PyTorch: How to get around the RuntimeError: in-place operations can be only used on variables that don't share storage with any other variables

With PyTorch I'm having a problem doing an operation with two Variables:

sub_patch  : [torch.FloatTensor of size 9x9x32]

pred_patch : [torch.FloatTensor of size 5x5x32]

sub_patch is a Variable made by torch.zeros pred_patch is a Variable of which I index each of the 25 nodes with a nested for-loop, and that I multiply with its corresponding unique filter (sub_filt_patch) of size [5,5,32]. The result is added to its respective place in sub_patch.

This is a piece of my code:

for i in range(filter_sz):
    for j in range(filter_sz):

        # index correct filter from filter tensor
        sub_filt_col = (patch_col + j) * filter_sz
        sub_filt_row = (patch_row + i) * filter_sz

        sub_filt_patch = sub_filt[sub_filt_row:(sub_filt_row + filter_sz), sub_filt_col:(sub_filt_col+filter_sz), :]

        # multiply filter and pred_patch and sum onto sub patch
        sub_patch[i:(i + filter_sz), j:(j + filter_sz), :] += (sub_filt_patch * pred_patch[i,j]).sum(dim=3)

The error I get from the bottom line of the piece of code here is

RuntimeError: in-place operations can be only used on variables that don't share storage with any other variables, but detected that there are 2 objects sharing it

I get why it happens, since sub_patch is a Variable, and pred_patch is a Variable too, but how can I get around this error? Any help would be greatly appreciated!

Thank you!

Solution

I've found the problem to be in

        sub_patch[i:(i + filter_sz), j:(j + filter_sz), :] += (sub_filt_patch * pred_patch[i,j]).sum(dim=3)

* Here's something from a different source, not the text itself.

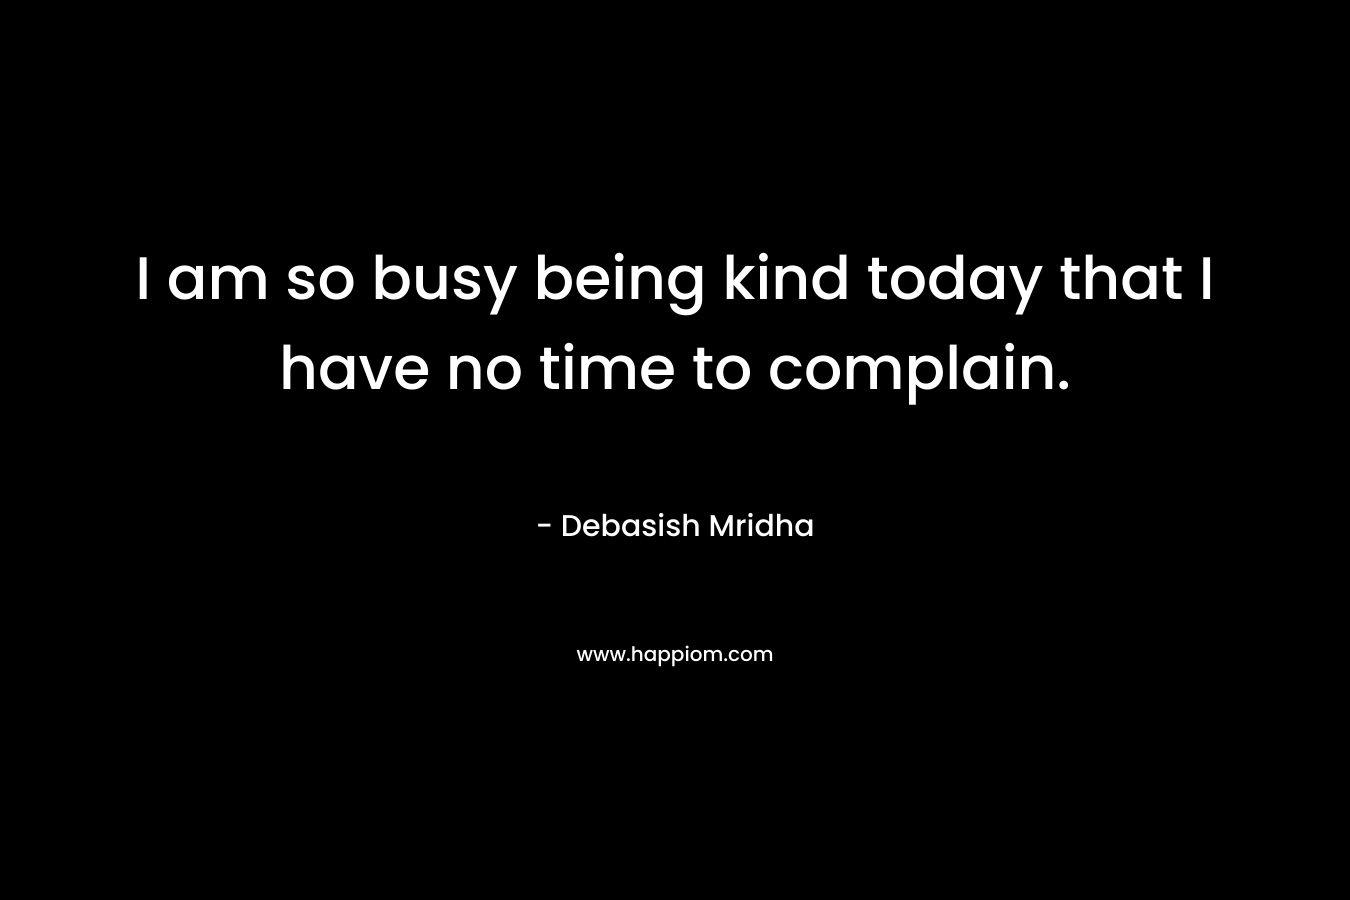 I am so busy being kind today that I have no time to complain. – Debasish Mridha

When separating this line into this:

sub_patch[i:(i + filter_sz), j:(j + filter_sz), :] = sub_patch[i:(i + filter_sz), j:(j + filter_sz), :] + (sub_filt_patch * pred_patch[i,j]).sum(dim=3)

Then it worked!

The difference between a += b and a = a + b is that in the first case, b is added in a inplace (so the content of a is changed to now contain a+b). In the second case, a brand new tensor is created that contains a+b and then you assign this new tensor to the name a. To be able to compute gradients, you sometimes need to keep the original value of a, and so we prevent inplace operation from being done because otherwise, we won't be able to compute gradients.